Su madre hizo una mueca al leer las hazañas del Führer en el semanario publicado por el rabino. Al terminar de leer cada página, se la entregaba a su hijo. Sólo se detuvo cuando se hizo demasiado oscuro como para seguir leyendo las palabras. Lubji pudo seguir leyendo unos pocos minutos más.
– ¿Tendremos que llevar todos una estrella amarilla si Hitler cruza nuestra frontera? -preguntó.
Zelta fingió haberse quedado dormida.
Ya hacía algún tiempo que su madre no podía ocultar al resto de la familia el hecho de que Lubji era su favorito, aunque sospechaba que había sido él el responsable de la desaparición de su precioso broche, y había observado con orgullo cómo se convertía en un joven alto y agraciado.

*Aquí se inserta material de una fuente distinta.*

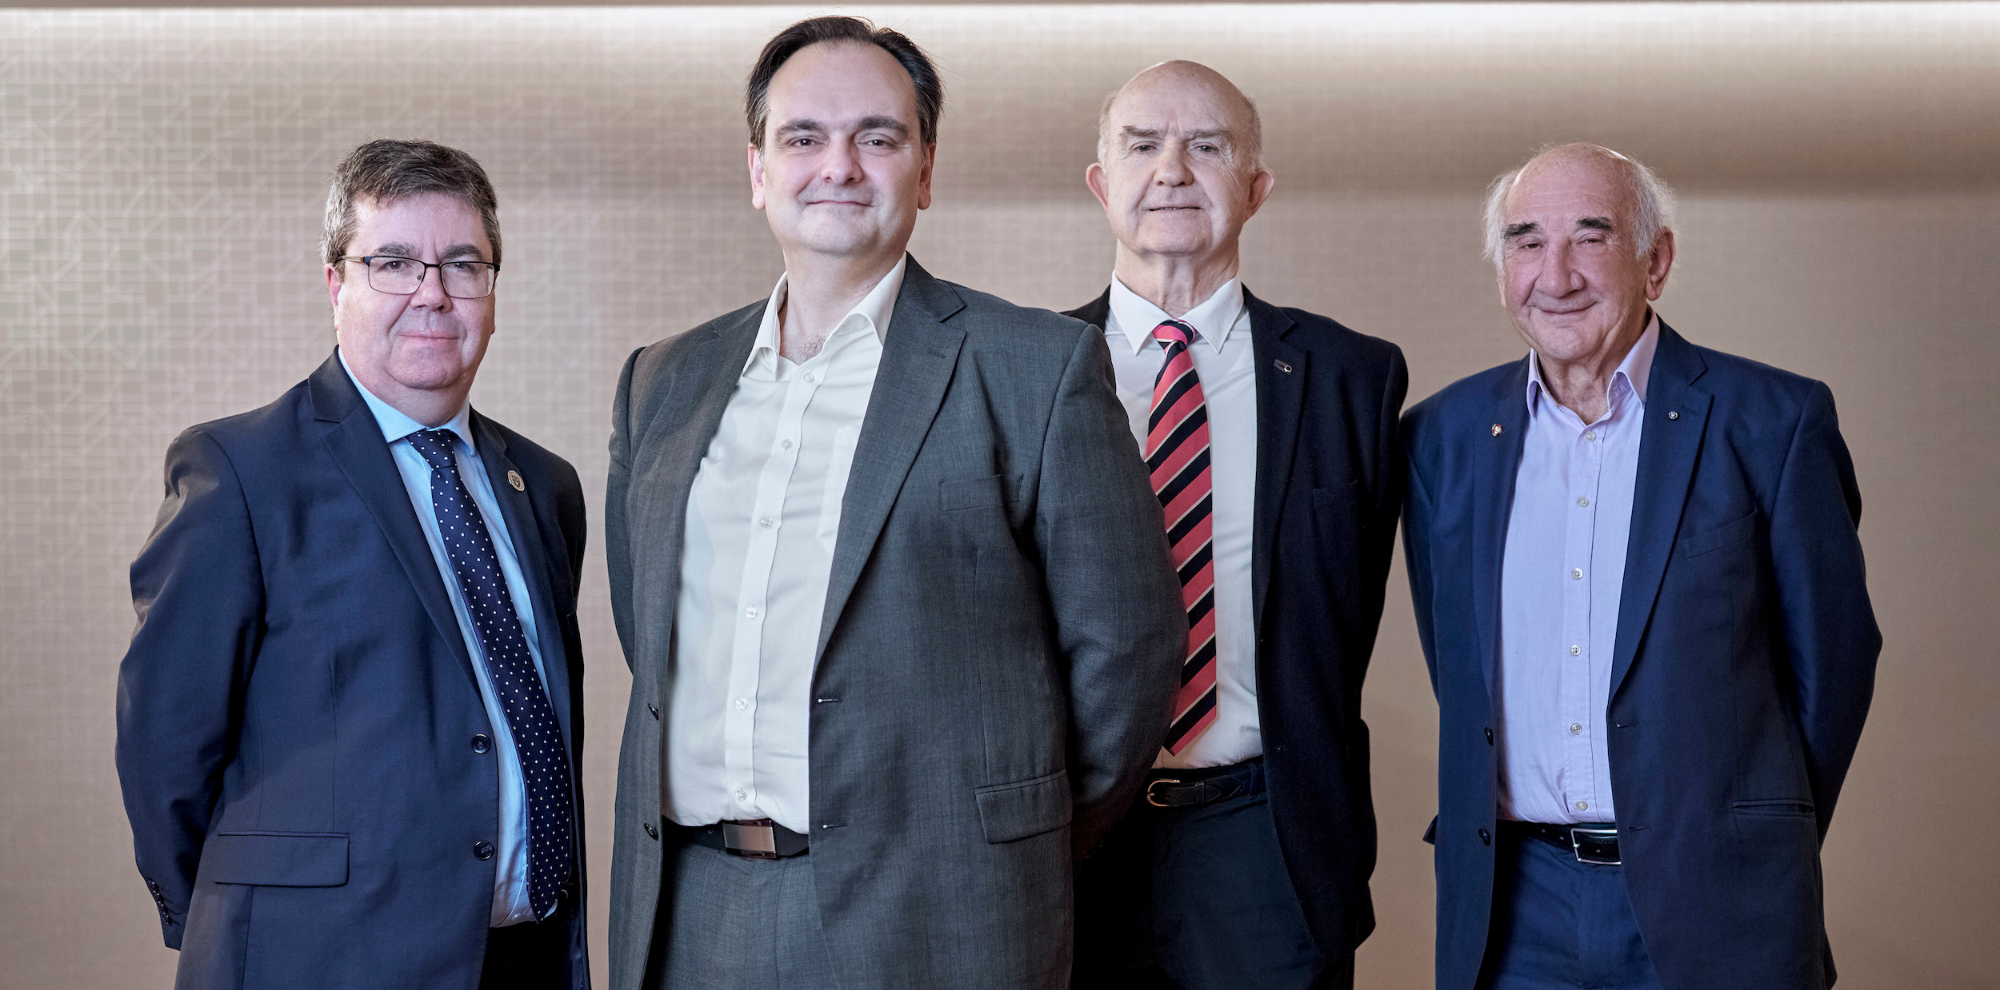 L-R Professor Andy Long of Northumbria University with Professor Sterghios A. Moschos, Dr Huw Edwards and Professor Sir Peter J. Barnes of PulmoBioMed.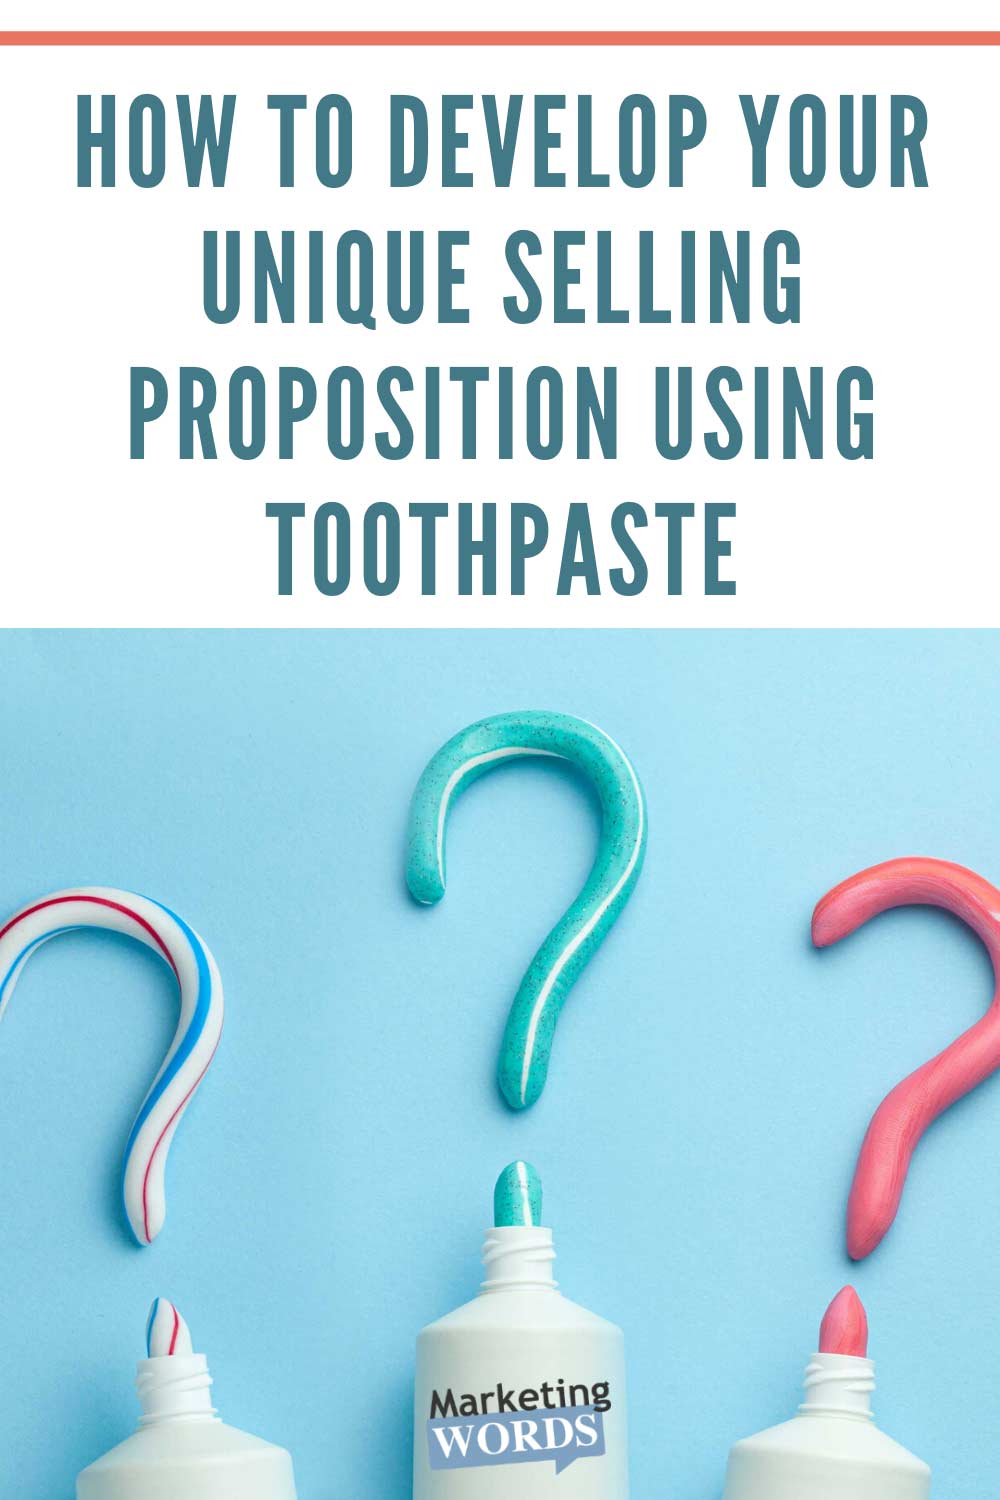 How to Develop Your Unique Selling Proposition Using Toothpaste

Pero se mostraba inexorable en su determinación de que, a pesar de los éxitos de Lubji como comerciante, de los que admitía que se beneficiaba toda la familia, el joven estaba destinado a convertirse en un rabino. Quizá ella hubiera desperdiciado su vida, pero estaba decidida a que Lubji no desperdiciara la suya.
Durante los últimos seis años, Lubji había dedicado cada mañana a recibir clases de su tío en la casa situada sobre la colina. Lo dejaba en libertad hacia el mediodía, para que pudiera regresar al mercado, donde recientemente había adquirido su propio puesto de venta. Pocas semanas después de su bar mitzvah, el anciano rabino le entregó a la madre de Lubji una carta en la que se le informaba que su hijo había conseguido una beca para estudiar en la academia de Ostrava. Fue el día más feliz en la vida de Zelta. Sabía que su hijo era inteligente, quizá excepcional, pero también se dio cuenta de que aquella oferta sólo pudo conseguirse gracias a la fama de su tío.
Cuando Lubji recibió la noticia de la beca obtenida, trató de no demostrar su consternación. Aunque sólo se le permitía ir al mercado por las tardes, ya estaba ganando dinero suficiente como para proporcionar a cada miembro de la familia un par de zapatos y dos comidas diarias. Deseaba explicarle a su madre que no le serviría de nada convertirse en un rabino si lo único que deseaba hacer era montar su propia tienda en el solar que había quedado vacante junto al del señor Lekski.
El señor Lekski cerró la tienda y se tomó el día libre para llevar al joven estudiante a la academia y, durante el largo viaje hasta Ostrava, le dijo que confiaba en que pudiera hacerse cargo de su tienda una vez terminados los estudios. Lubji sólo deseaba regresar a casa inmediatamente, y se necesitó de mucho poder de persuasión para que tomara la pequeña bolsa de cuero, la última transacción hecha el día anterior, y cruzara bajo el enorme arco de piedra que conducía a la academia. Si el señor Lekski no hubiera añadido que no consideraría la idea de aceptarlo a menos que terminara sus cinco años de estudio en la academia, Lubji habría vuelto a saltar al coche.
Lubji no tardó en descubrir que en la academia no había otros niños procedentes de un ambiente tan humilde como el suyo. Algunos de sus compañeros de clase dejaron bien claro, directa o indirectamente, que él no era la clase de persona con la que esperaban relacionarse. A medida que pasaron las semanas, también descubrió que las habilidades aprendidas como comerciante en el mercado le servían de bien poco en aquella institución, aunque ni el más indispuesto podía negar que él poseía un don natural para los idiomas. Y, ciertamente, las largas horas de estudio, el poco sueño y la disciplina rigurosa, no despertaban ningún temor en el muchacho procedente de Douski.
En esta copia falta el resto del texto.